Bacteriophages pp 231-238 | Cite as

Phage Genome Annotation Using the RAST Pipeline

Part of the Methods in Molecular Biology book series (MIMB, volume 1681)


Phages are complex biomolecular machineries that have to survive in a bacterial world. Phage genomes show many adaptations to their lifestyle such as shorter genes, reduced capacity for redundant DNA sequences, and the inclusion of tRNAs in their genomes. In addition, phages are not free-living, they require a host for replication and survival. These unique adaptations provide challenges for the bioinformatics analysis of phage genomes. In particular, ORF calling, genome annotation, noncoding RNA (ncRNA) identification, and the identification of transposons and insertions are all complicated in phage genome analysis.
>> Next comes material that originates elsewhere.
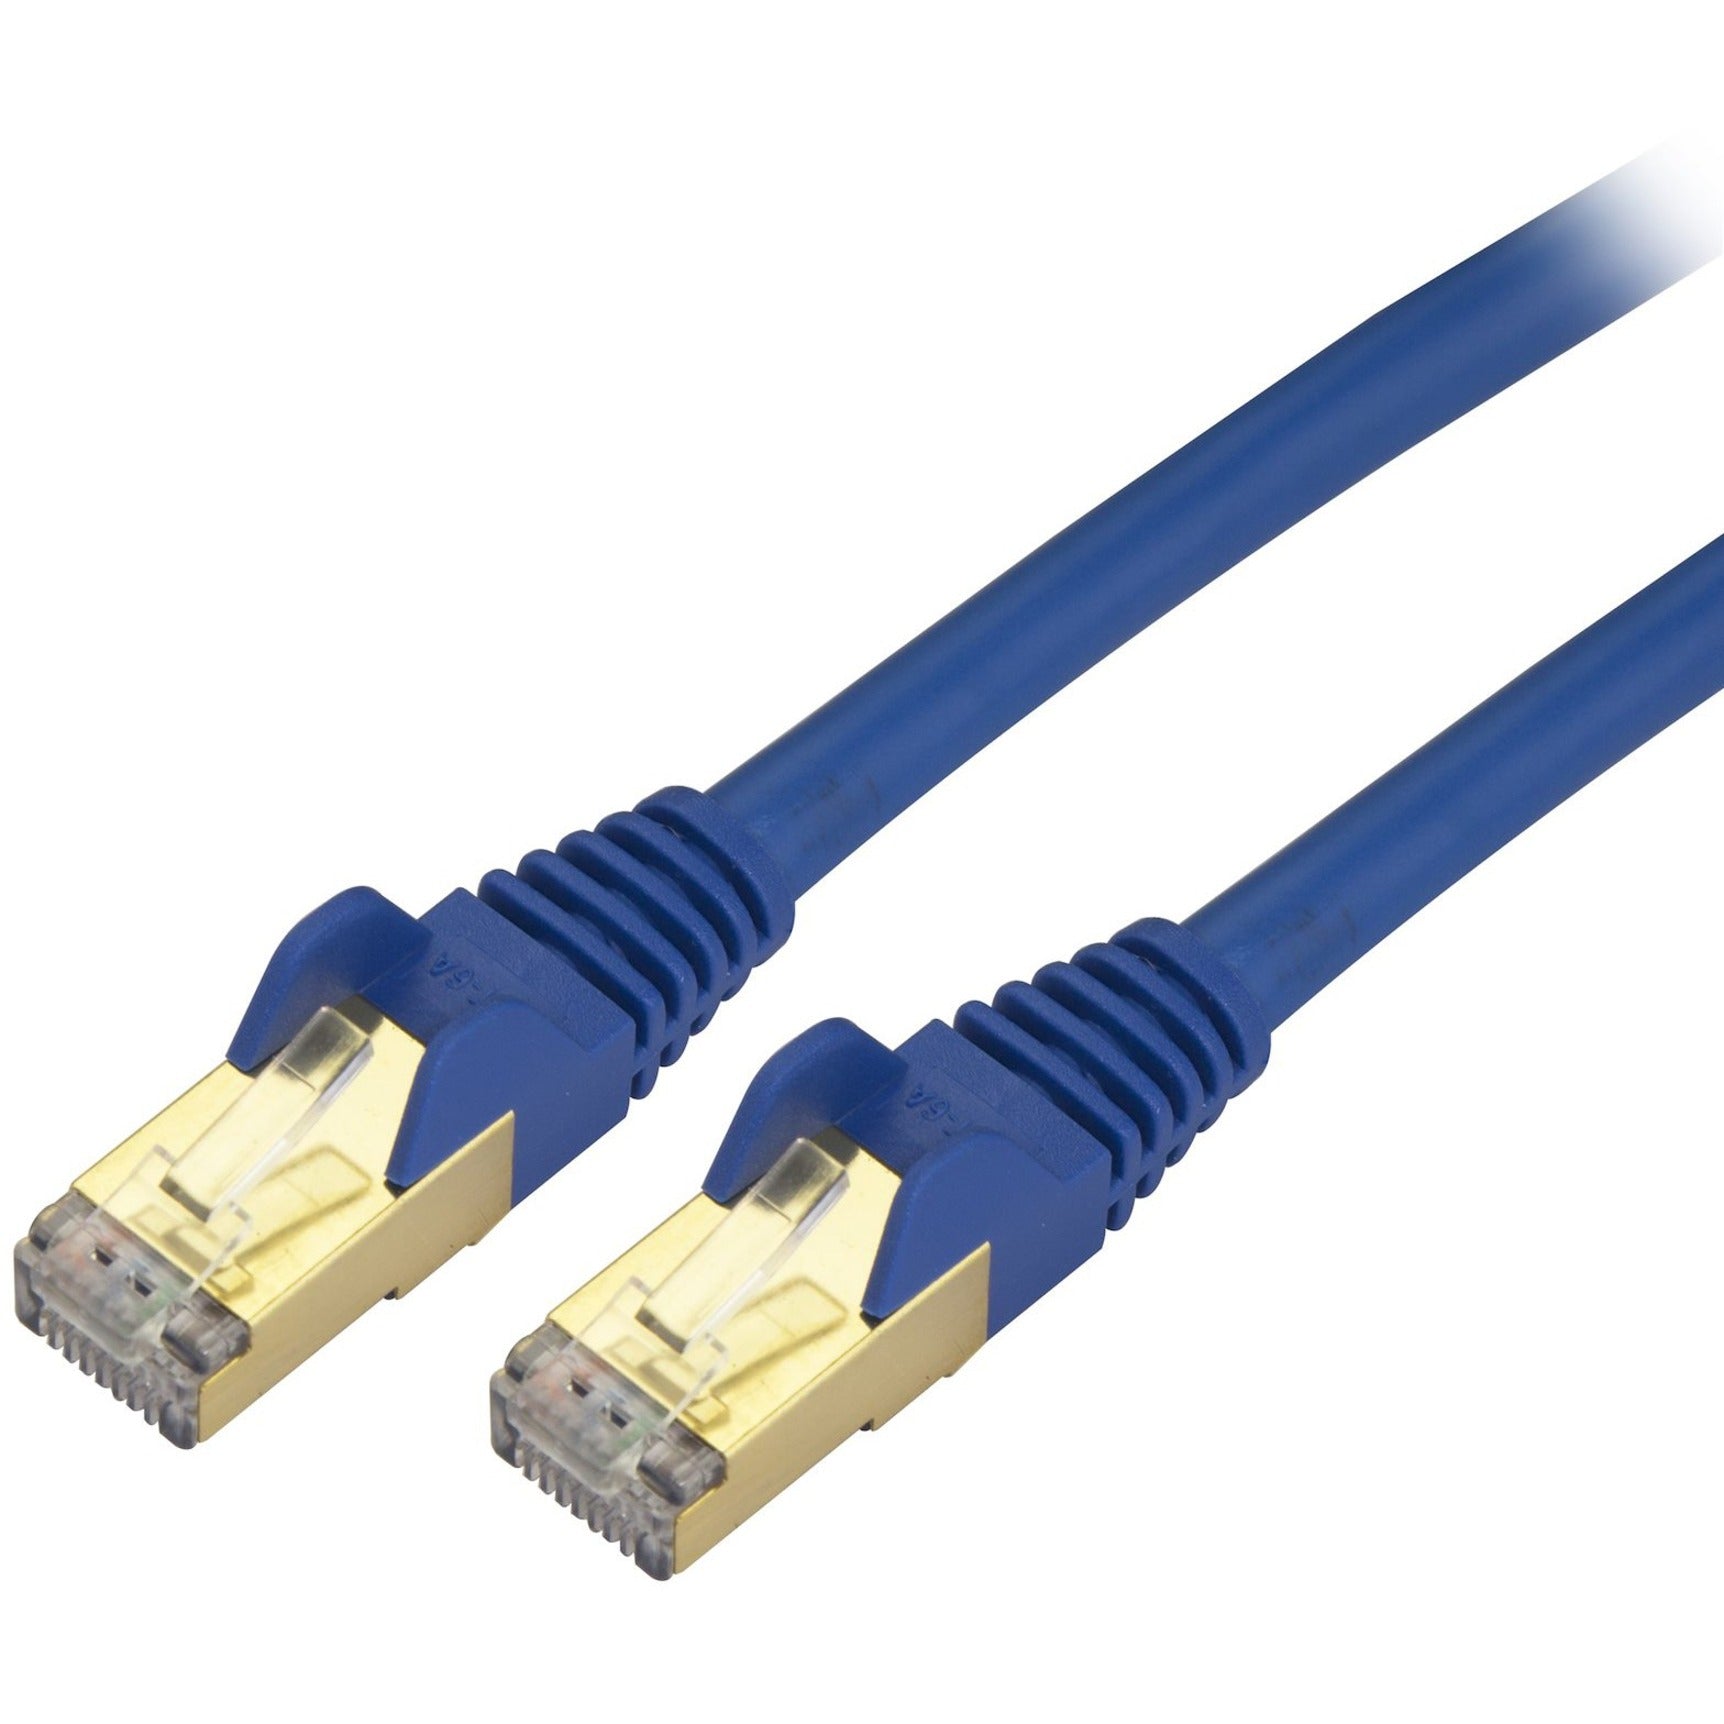 StarTech.com C6ASPAT5BL Cat6a Ethernet Patch Cable - Shielded (STP) - 5 ft., Blue, Snagless RJ45 Ethernet Cord

We provide a road map through the phage genome annotation pipeline, and discuss the challenges and solutions for phage genome annotation as we have implemented in the rapid annotation using subsystems (RAST) pipeline.

Key words

Phage Genome annotation RAST Functional annotation Gene predictions 



This work was supported by grants from the National Science Foundation MCB-1330800 and DUE-1323809 to RAE. BED was supported by the Netherlands Organization for Scientific Research (NWO) Vidi grant 864.14.004.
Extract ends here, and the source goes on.